== What is expected ==
Below are lines of data. Give the number of them that contain the string "Notes", and nothing else.

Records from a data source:
........
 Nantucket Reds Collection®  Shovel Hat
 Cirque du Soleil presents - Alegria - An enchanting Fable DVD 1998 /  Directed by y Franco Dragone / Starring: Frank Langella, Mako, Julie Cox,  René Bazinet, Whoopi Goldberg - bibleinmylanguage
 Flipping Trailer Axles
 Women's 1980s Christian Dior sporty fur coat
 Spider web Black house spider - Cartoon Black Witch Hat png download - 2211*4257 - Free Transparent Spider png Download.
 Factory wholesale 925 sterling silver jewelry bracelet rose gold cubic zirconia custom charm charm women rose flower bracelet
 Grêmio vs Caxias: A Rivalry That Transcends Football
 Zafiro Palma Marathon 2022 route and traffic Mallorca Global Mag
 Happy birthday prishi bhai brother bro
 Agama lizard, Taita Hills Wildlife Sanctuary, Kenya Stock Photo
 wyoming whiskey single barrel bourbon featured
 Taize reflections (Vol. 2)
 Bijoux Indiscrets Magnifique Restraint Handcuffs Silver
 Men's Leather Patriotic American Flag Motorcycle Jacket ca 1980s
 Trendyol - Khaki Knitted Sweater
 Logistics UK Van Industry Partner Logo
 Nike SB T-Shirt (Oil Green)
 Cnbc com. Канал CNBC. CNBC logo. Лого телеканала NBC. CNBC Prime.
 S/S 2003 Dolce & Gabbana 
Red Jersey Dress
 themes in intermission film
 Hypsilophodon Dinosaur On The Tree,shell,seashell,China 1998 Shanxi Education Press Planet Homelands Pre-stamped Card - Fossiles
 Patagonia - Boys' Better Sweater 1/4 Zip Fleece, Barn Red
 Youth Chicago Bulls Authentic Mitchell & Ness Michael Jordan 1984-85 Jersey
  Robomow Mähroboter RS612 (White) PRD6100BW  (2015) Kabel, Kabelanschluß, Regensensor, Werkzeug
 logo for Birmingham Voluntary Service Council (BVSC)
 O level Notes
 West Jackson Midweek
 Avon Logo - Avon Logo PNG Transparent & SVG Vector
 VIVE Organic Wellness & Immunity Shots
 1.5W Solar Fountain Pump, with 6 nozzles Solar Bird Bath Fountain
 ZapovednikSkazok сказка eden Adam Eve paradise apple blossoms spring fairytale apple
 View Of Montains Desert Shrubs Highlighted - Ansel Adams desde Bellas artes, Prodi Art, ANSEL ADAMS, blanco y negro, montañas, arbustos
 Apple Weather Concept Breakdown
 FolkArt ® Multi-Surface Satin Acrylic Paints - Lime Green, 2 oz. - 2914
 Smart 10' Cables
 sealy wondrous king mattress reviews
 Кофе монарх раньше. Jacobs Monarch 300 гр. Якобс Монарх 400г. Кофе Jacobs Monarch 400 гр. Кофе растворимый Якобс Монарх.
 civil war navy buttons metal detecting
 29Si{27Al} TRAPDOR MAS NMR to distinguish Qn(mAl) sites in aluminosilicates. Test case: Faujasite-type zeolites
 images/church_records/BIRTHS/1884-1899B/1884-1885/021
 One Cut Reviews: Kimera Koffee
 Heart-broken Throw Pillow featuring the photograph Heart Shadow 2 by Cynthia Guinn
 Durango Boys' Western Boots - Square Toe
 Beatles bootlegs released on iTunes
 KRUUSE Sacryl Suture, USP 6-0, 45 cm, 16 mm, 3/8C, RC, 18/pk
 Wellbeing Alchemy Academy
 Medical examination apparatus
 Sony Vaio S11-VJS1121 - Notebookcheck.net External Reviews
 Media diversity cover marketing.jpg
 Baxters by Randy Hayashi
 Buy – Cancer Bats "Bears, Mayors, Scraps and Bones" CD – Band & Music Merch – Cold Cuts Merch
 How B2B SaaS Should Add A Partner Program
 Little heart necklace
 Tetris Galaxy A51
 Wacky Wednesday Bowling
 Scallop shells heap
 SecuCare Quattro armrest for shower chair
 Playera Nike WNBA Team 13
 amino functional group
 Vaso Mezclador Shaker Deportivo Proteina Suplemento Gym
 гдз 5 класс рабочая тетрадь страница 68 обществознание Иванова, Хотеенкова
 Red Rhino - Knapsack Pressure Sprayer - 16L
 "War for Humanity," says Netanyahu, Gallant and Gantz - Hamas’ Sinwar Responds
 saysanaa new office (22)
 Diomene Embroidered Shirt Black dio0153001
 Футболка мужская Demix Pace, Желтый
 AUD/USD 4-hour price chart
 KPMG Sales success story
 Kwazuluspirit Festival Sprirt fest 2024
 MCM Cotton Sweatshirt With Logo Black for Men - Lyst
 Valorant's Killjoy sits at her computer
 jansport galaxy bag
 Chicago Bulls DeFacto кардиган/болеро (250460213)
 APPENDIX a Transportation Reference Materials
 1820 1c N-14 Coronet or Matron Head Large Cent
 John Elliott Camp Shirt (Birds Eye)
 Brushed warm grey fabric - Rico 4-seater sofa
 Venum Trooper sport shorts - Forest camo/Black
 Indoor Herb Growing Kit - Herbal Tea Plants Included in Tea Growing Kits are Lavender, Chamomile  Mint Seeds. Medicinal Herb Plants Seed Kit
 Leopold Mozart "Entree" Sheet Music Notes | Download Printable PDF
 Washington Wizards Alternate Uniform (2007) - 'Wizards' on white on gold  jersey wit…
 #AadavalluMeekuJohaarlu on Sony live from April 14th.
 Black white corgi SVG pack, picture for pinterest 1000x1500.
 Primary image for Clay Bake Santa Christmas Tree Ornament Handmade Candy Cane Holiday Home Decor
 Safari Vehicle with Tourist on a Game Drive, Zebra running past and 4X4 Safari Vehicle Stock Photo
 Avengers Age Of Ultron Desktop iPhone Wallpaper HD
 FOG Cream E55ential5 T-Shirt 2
........
== The answer ==
2